**Exercise details**. Restate word for word the lines of the listing below, from its first line through the line with "Reebok Z Rated", without the pictures.

**Data segment**.
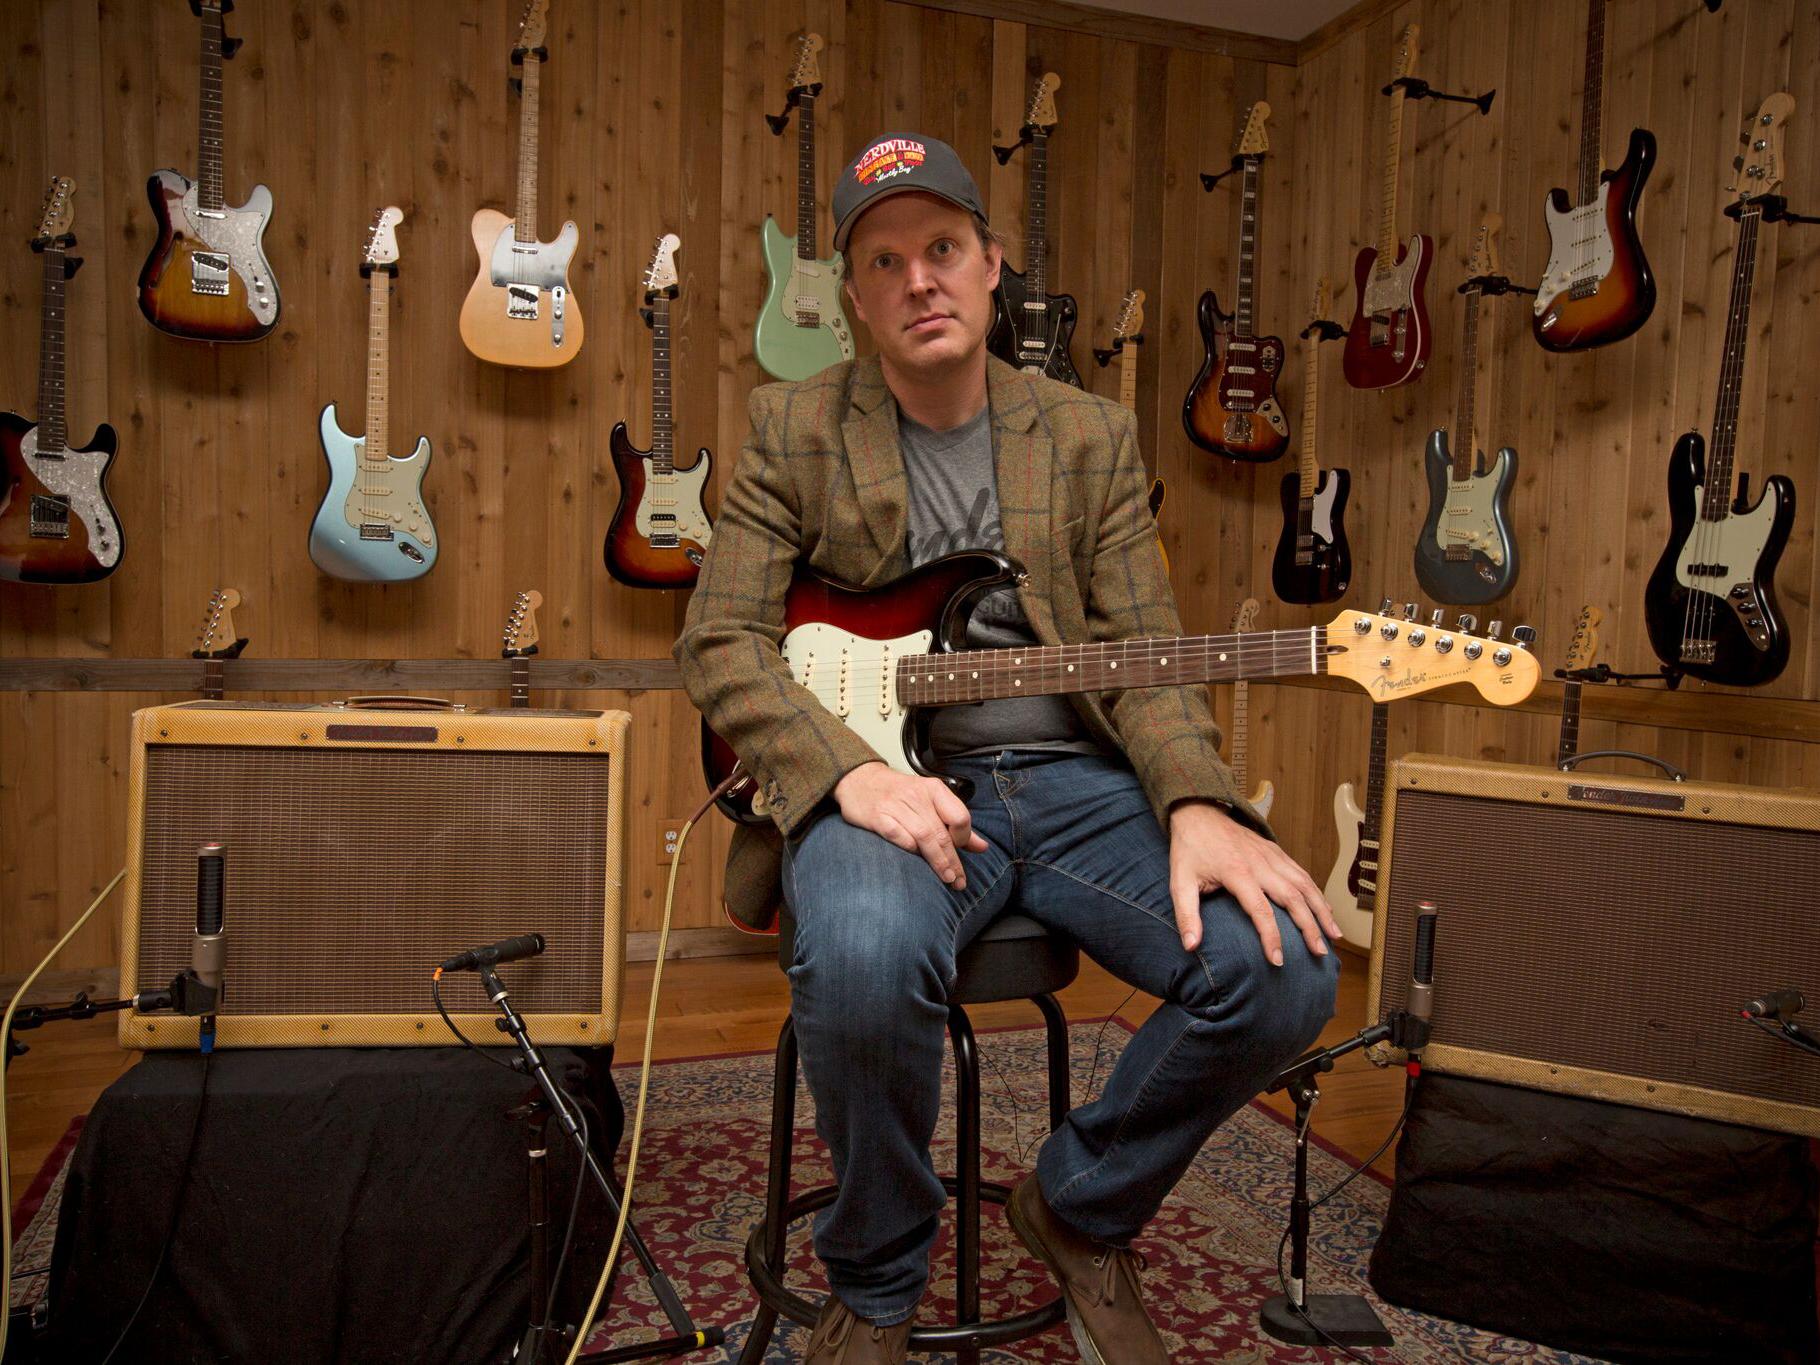 Joe Bonamassa has a new signature Fender amp
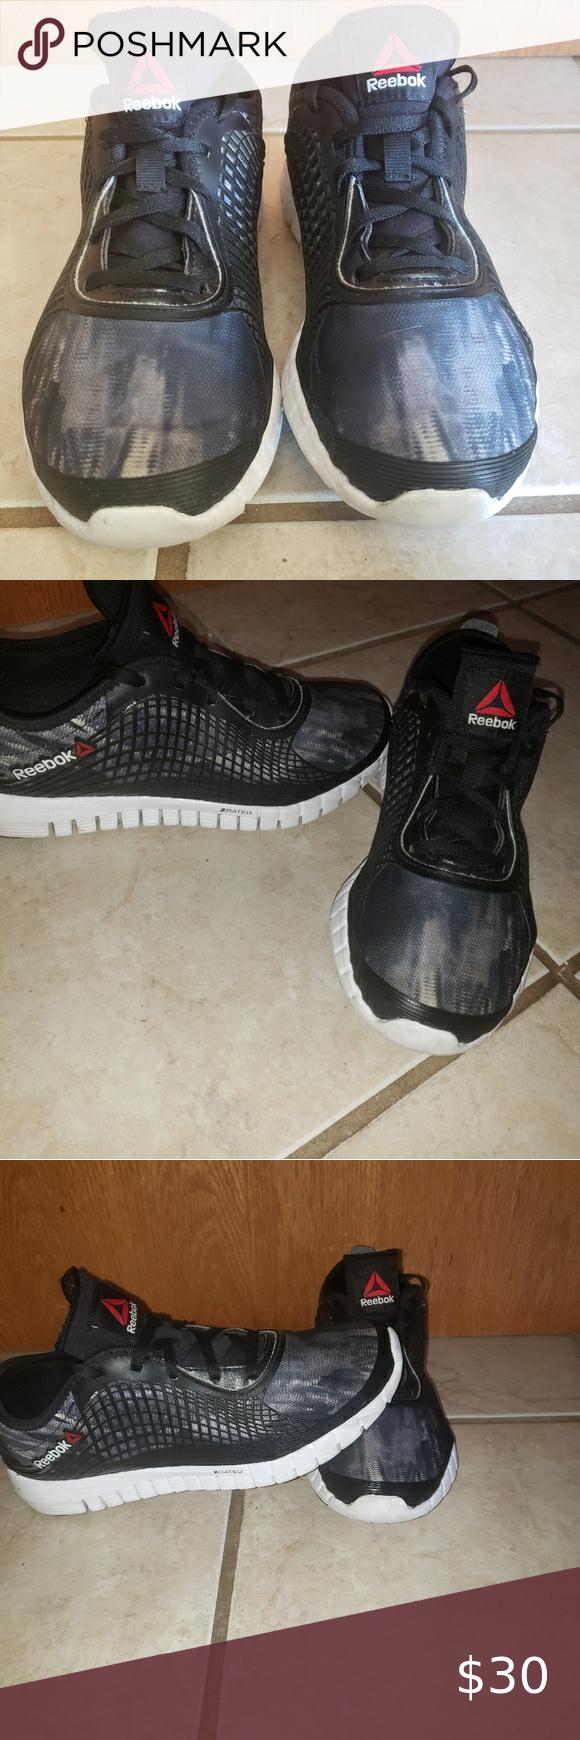 Reebok Z Rated Running Shoe Running Light Weight Shoe Internal Stretch Bio Sleeve External Nanoweb Support System Anatomical Last Running Shoes Reebok Shoes
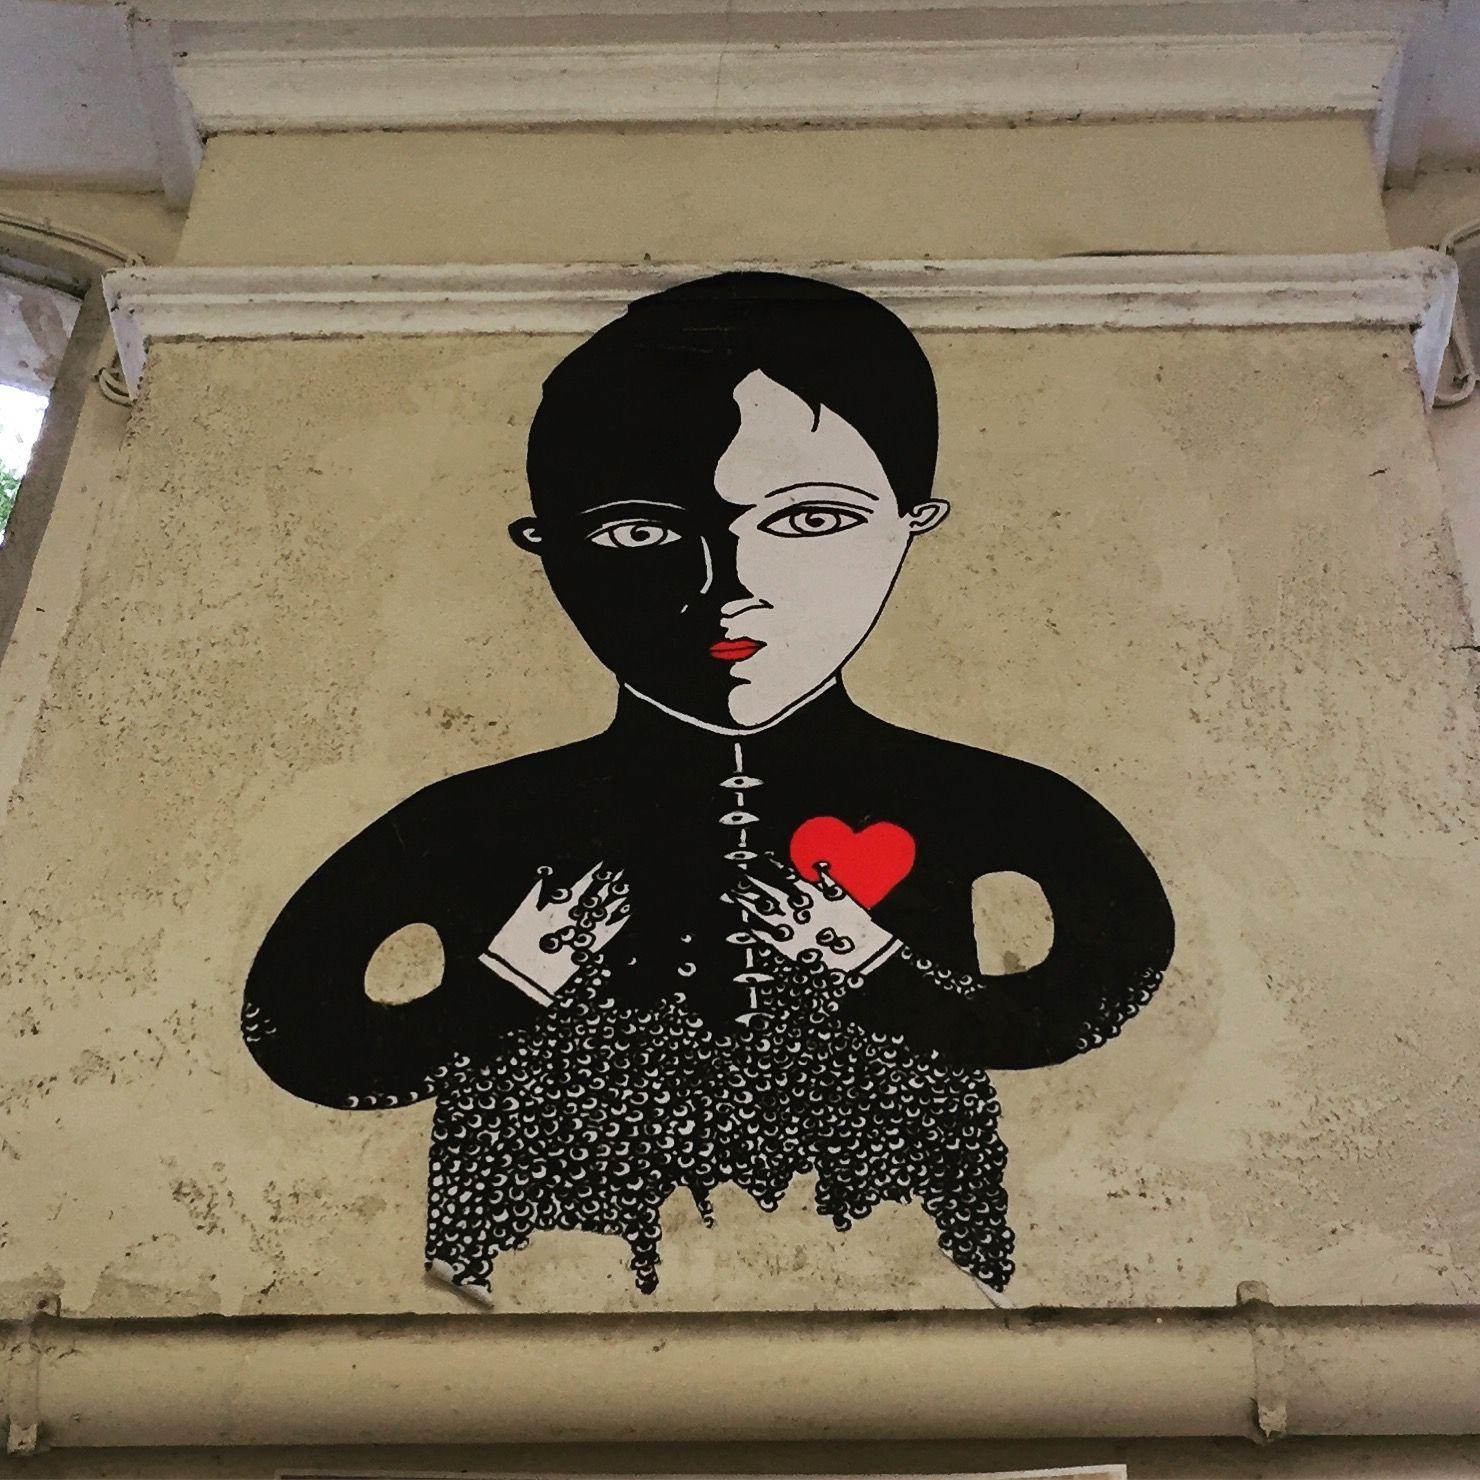 Fred le chevalier street art in paris rue notre dame de nazareth

**Result for this exercise**.
 Joe Bonamassa has a new signature Fender amp
 Reebok Z Rated Running Shoe Running Light Weight Shoe Internal Stretch Bio Sleeve External Nanoweb Support System Anatomical Last Running Shoes Reebok Shoes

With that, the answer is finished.